_Your objective_:
Your answer must hold only the lines below from the line containing "brouwn bug on a green leaf by jahidul2358" through the line containing "T.Elsey Tyres Ltd |", each reproduced exactly.

_Excerpted data_:
■ ■ ■ ■ ■
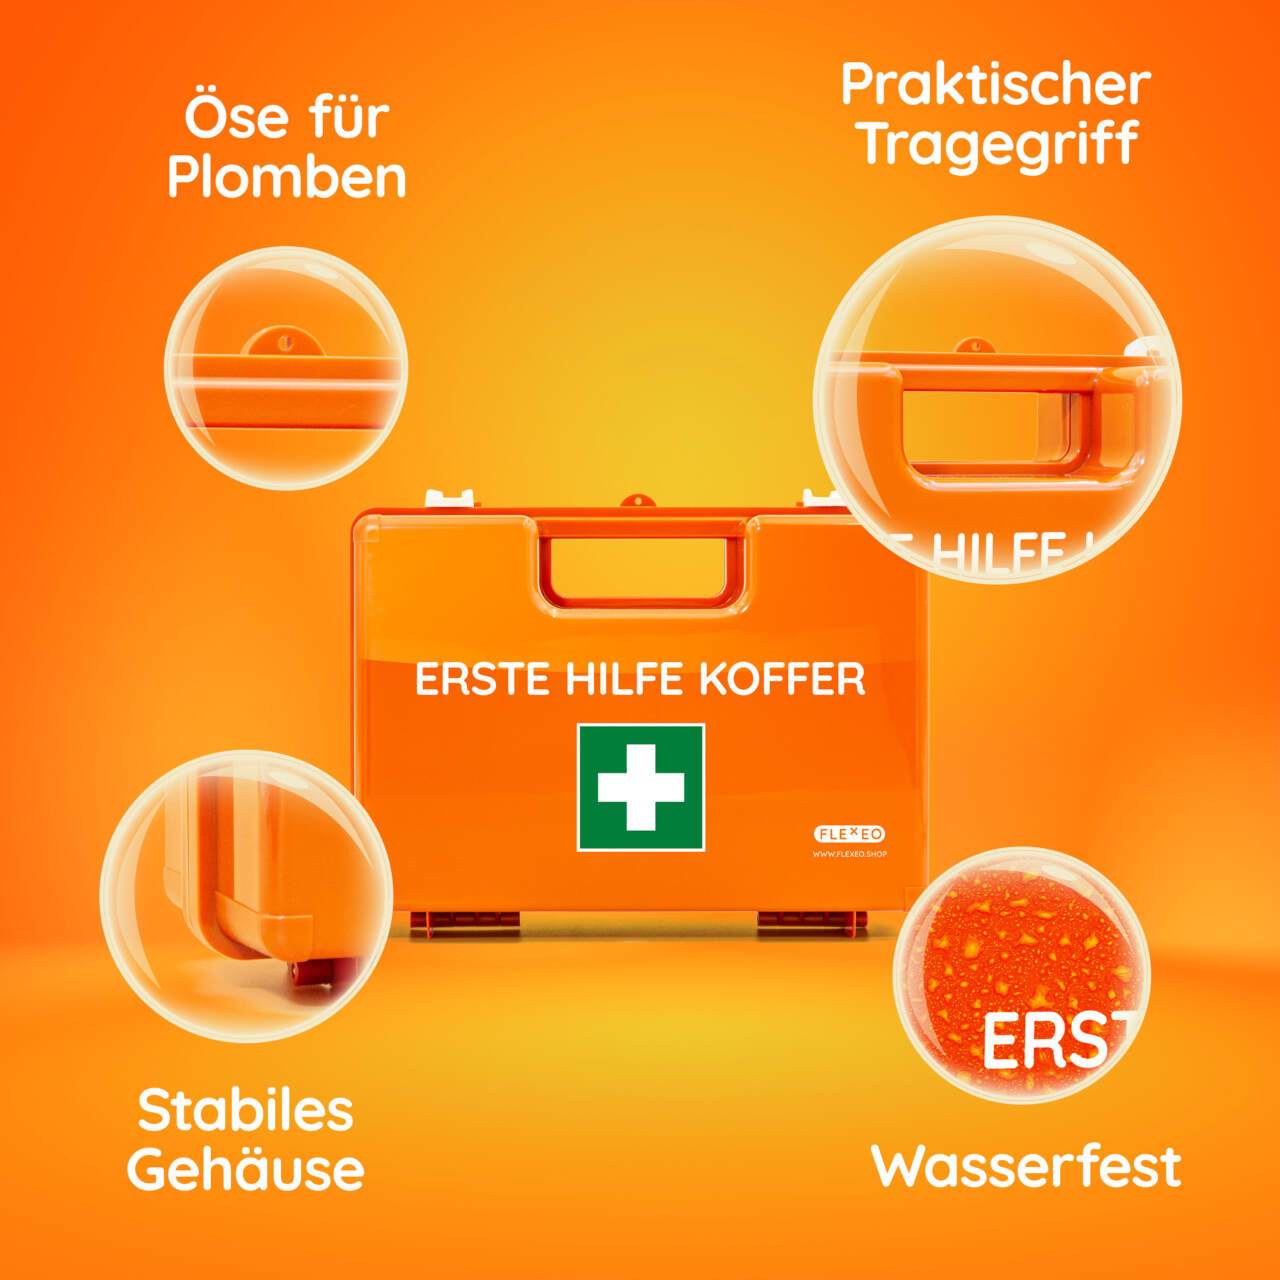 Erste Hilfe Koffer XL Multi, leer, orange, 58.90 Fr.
■ ■ ■ ■ ■
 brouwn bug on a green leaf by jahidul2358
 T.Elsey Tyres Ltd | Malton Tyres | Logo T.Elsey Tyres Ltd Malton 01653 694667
■ ■ ■ ■ ■
_Reply to the task_:
 brouwn bug on a green leaf by jahidul2358
 T.Elsey Tyres Ltd | Malton Tyres | Logo T.Elsey Tyres Ltd Malton 01653 694667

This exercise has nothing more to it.